ENTRIES PROVIDED:
* * * * * * *
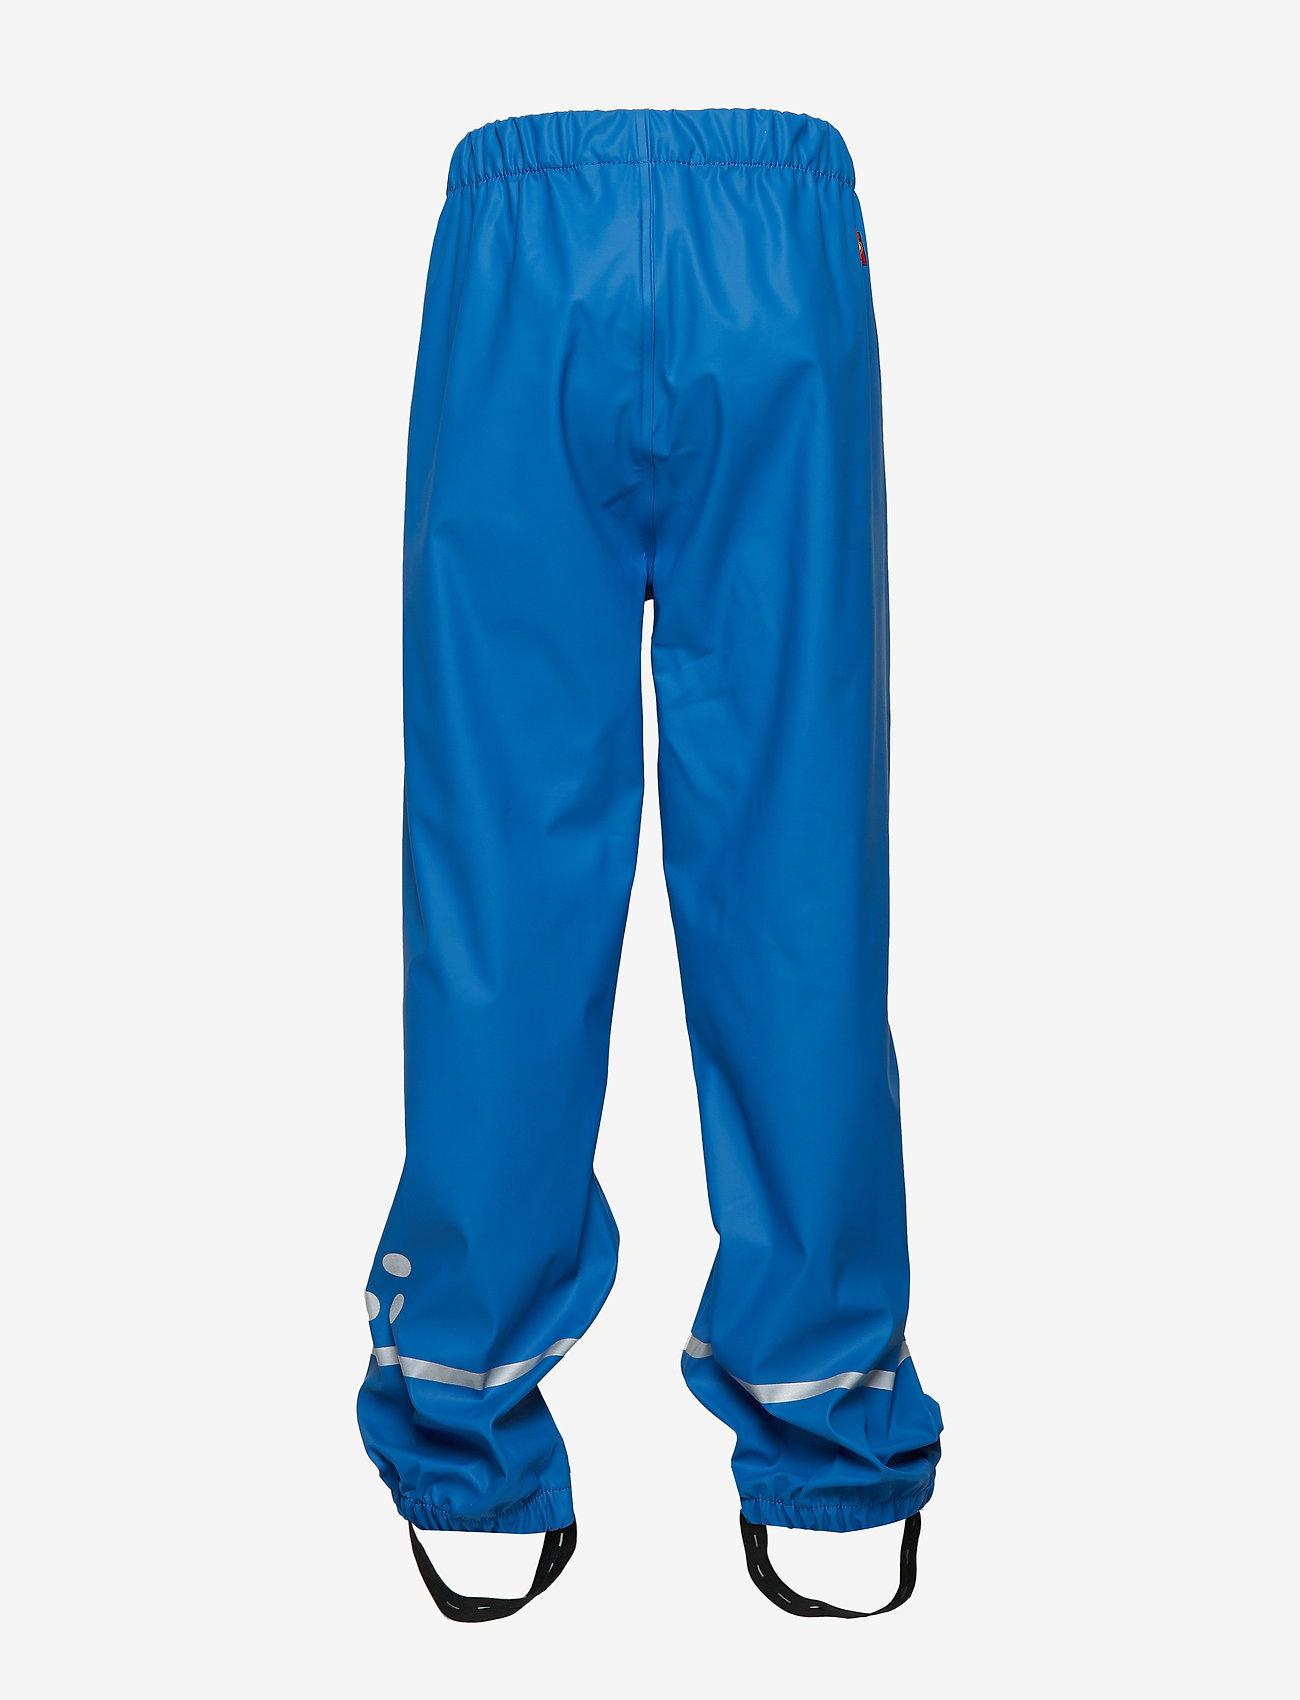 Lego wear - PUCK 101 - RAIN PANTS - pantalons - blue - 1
* * * * * * *
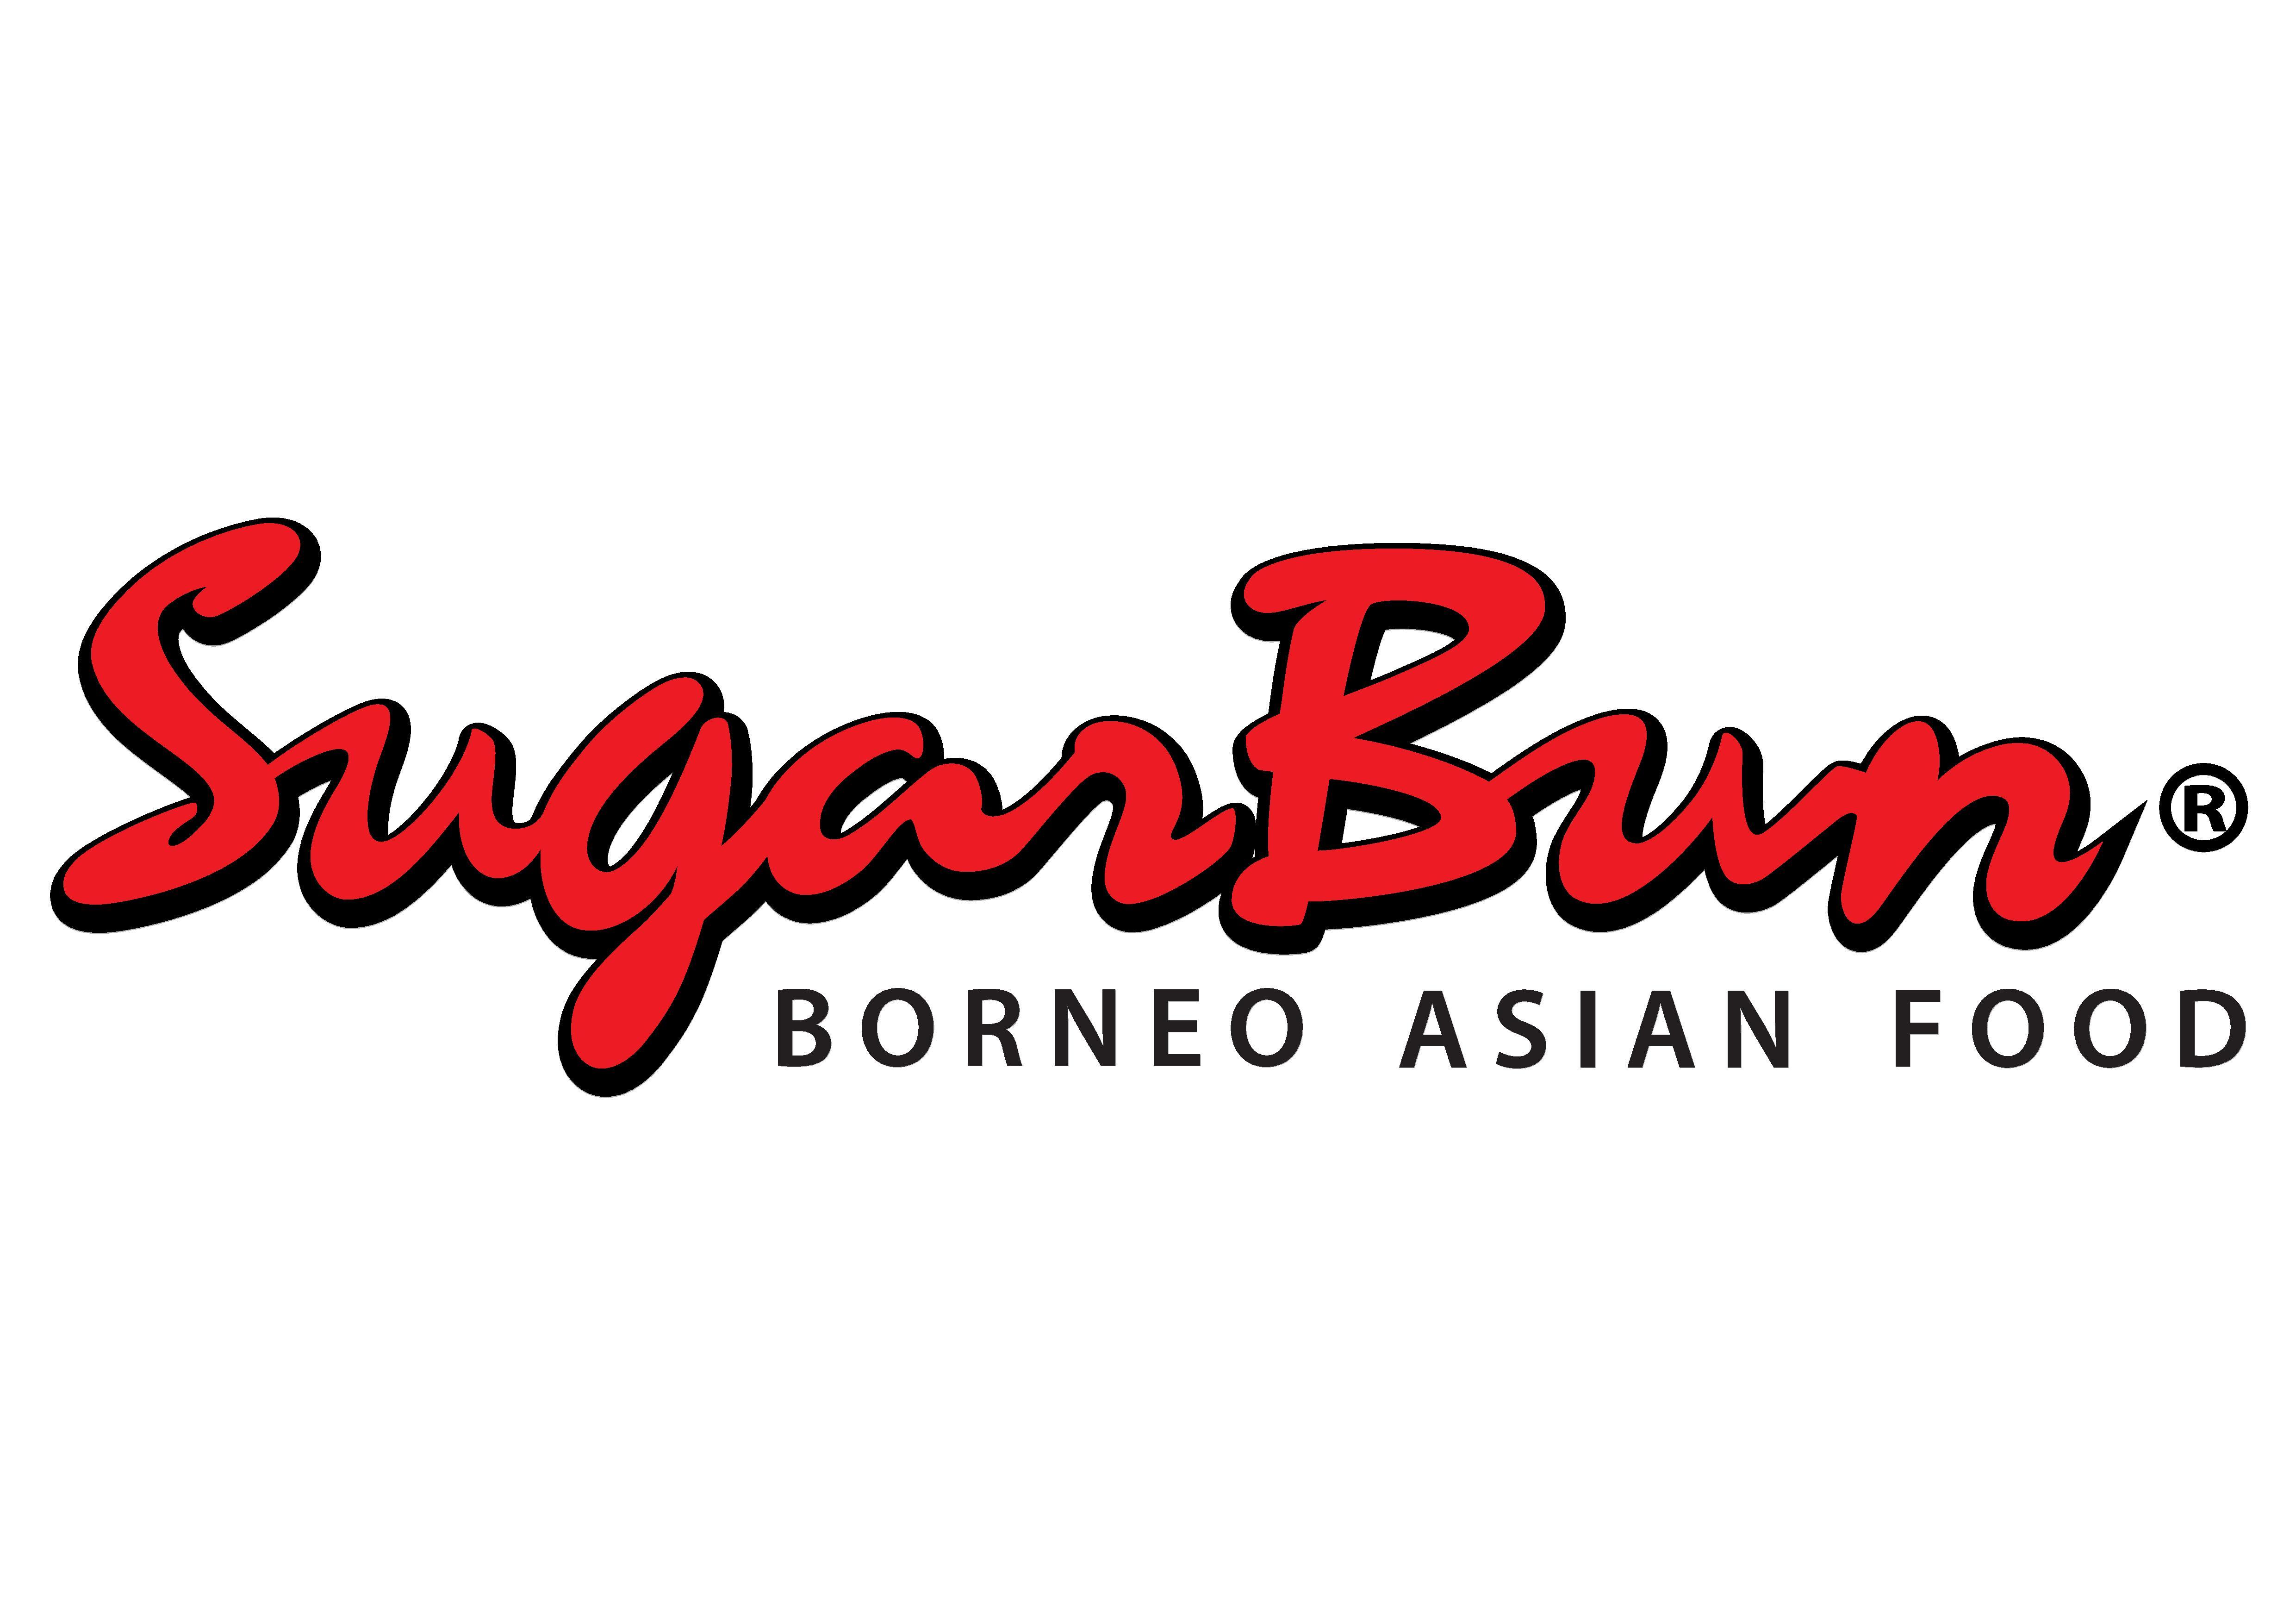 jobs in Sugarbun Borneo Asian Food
* * * * * * *
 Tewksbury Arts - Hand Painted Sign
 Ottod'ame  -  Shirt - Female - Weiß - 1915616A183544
* * * * * * *
REQUIRED WORK:
Can you repeat, word for word, every line above from the one containing "Tewksbury Arts - Hand Painted Sign" down to the one containing "Weiß - 1915616A183544", including both?

WRITTEN REPLY:
 Tewksbury Arts - Hand Painted Sign
 Ottod'ame  -  Shirt - Female - Weiß - 1915616A183544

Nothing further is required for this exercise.